Out of the IMF loop

By
Humayun Akhtar Khan
|
December 07, 2019

It is time for Pakistan to ensure that we do away with our enduring dependence on outside help

Past governments have claimed that Pakistan will soon become an ‘Asian Tiger’ or that CPEC is the game changer we were waiting for. Yet, the Pakistan economy has stayed firmly in its decades-old circular logic of stability, vulnerability, and IMF support. Let us hope that it will soon break out of this loop and gradually move towards long-term growth.

Now that the external account has improved, it is time for Pakistan to ensure that we do away with our enduring dependence on outside help. We must strive for economic sovereignty. The question is whether Pakistan is ready to do so – because doing so places many demands on us, both as government and as society. It requires a fundamental change in the governance paradigm.

First, any step we take should be part of a plan for long-term economic growth. And that plan must come from within, not outside. It should be well thought through with all stakeholders on board. All political parties and state institutions and also all levels of government must buy in. Changing the game means that we understand what it takes to transform the economy, and that we follow through.

East Asia offers us a model to emulate. In quick succession from the 1950s, each economy there made GDP growth its primary goal. Most other considerations were secondary. GDP growth was their path to solve the issues of regional security and poverty.

East Asia emerged from World War II bruised, dispirited, and with a history of regional tensions and internal strife. It chose to combat security concerns by focusing on the economy. In due course, economic cooperation replaced tensions in the region. Internally too, prosperity helped build national unity and defence capabilities.

Pakistan has always faced an existential threat, which has worsened recently. However, without economic progress we will not have the resources to fund our security or protect our sovereignty.
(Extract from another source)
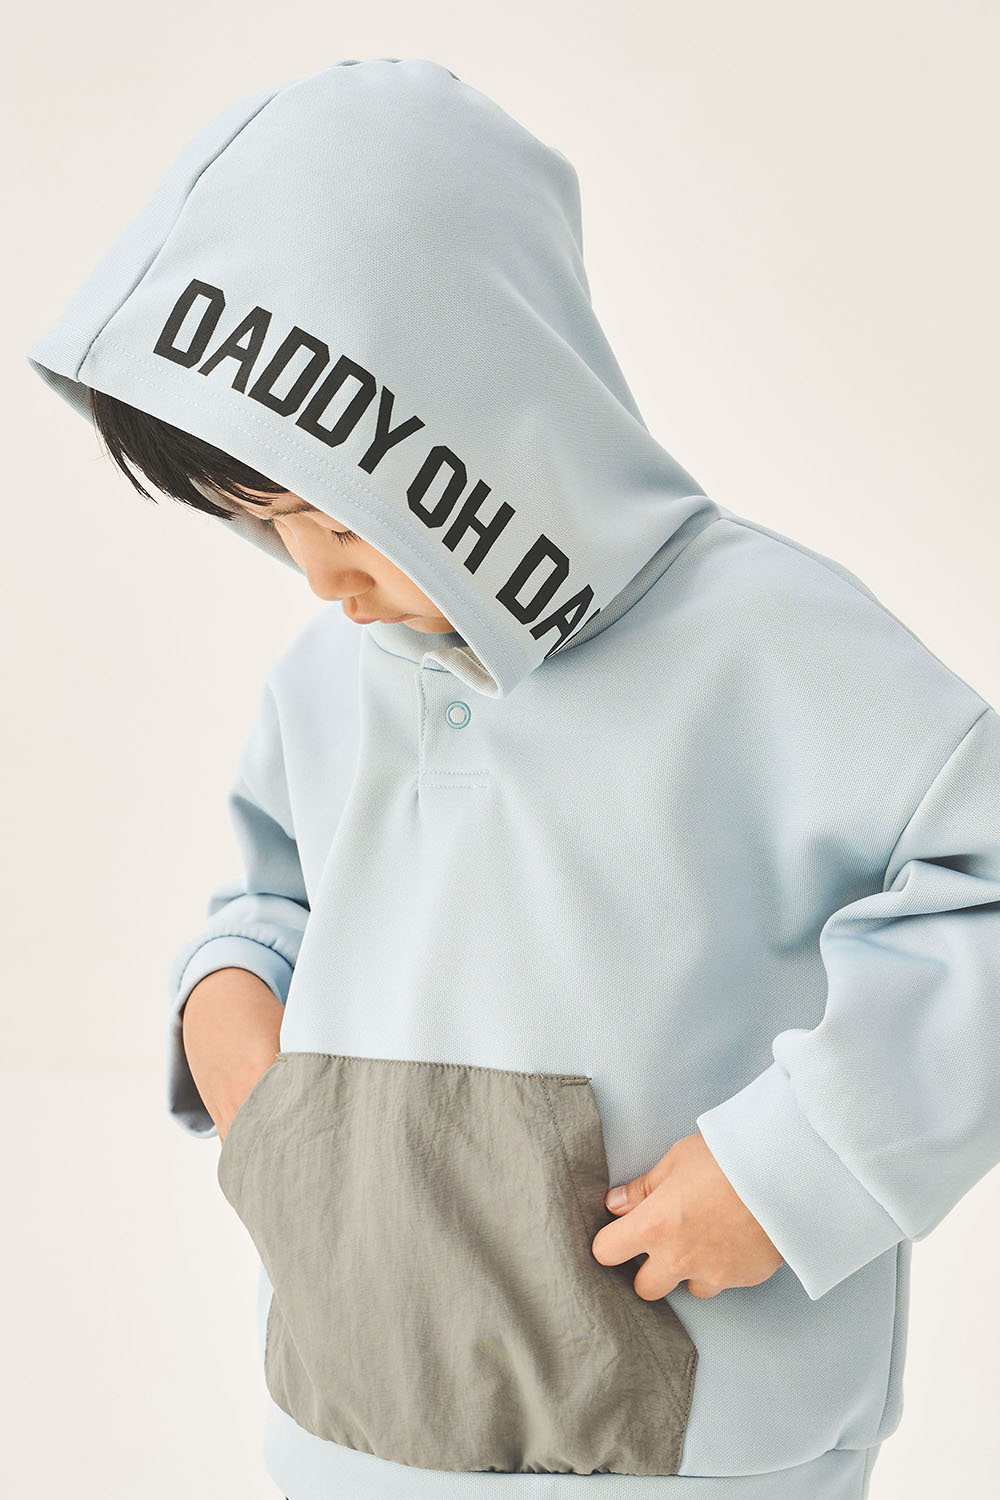 2022 AUTUMNWINTER Daddy Oh Daddy STYLE10 | 子供服 通販こどもの森 - メーカー直営公式

The real miracle of East Asia is not a magic formula. It is the outcome of a very clear idea about the future of the state. Such clarity formed the basis of long-term plans. East Asian planners gave deep thought to issues, policies and instruments that would help them achieve their goals. Their leaders had an unusually profound concern for catching up with the West and improving the standards of living of all citizens. Each nation chose their own methods, but their fundamental mission was to gain economic strength through industrialization.

Culture and Confucius ethics may have had a role. Yet, the success of one economy after another shows that growth came from following a set of policies. Once decided, these policies were followed with determination and without compromise. In most cases, there was no room for favourites or exceptions. East Asia demonstrates that development is a political choice not an algorithm.

Most of us know already the broad parameters of the route that fast-growing economies have taken. We must now establish why Pakistan has not embarked on that path. To do so, we may look at causal relations that inform why some economies do well, and others don’t. Cherry picking ‘best practices’ is not enough. We must see how these relationships can be reproduced in Pakistan.

Growth results from increase in manufacturing value added, much of it for export. Export of goods assures us that the economy has gained in competitiveness and productivity. The Pakistan economy, therefore, needs policies that build an evolving industrial base. Yet, formulating and executing such policies need preconditions.

First among these is state effectiveness. At the base of government polices lies the institution of the state. East Asia provided their citizens an effective state with essential services and rule of law. Citizens saw their states as mostly just and fair. We must build the same relations between the Pakistan state and citizens.

Staying with East Asia as the example, the growth economies there ensured political stability, social cohesion, and economic relations within the region. Their leaders were also deeply committed to regional peace. In addition, there was governance longevity. Lee Kuan Yew was Singapore’s prime minister for 31 years. Malaysia’s Mahathir Mohamad for 22. There are other examples of able and committed leaders transforming their economies and societies, including the genius of Deng Xiaoping.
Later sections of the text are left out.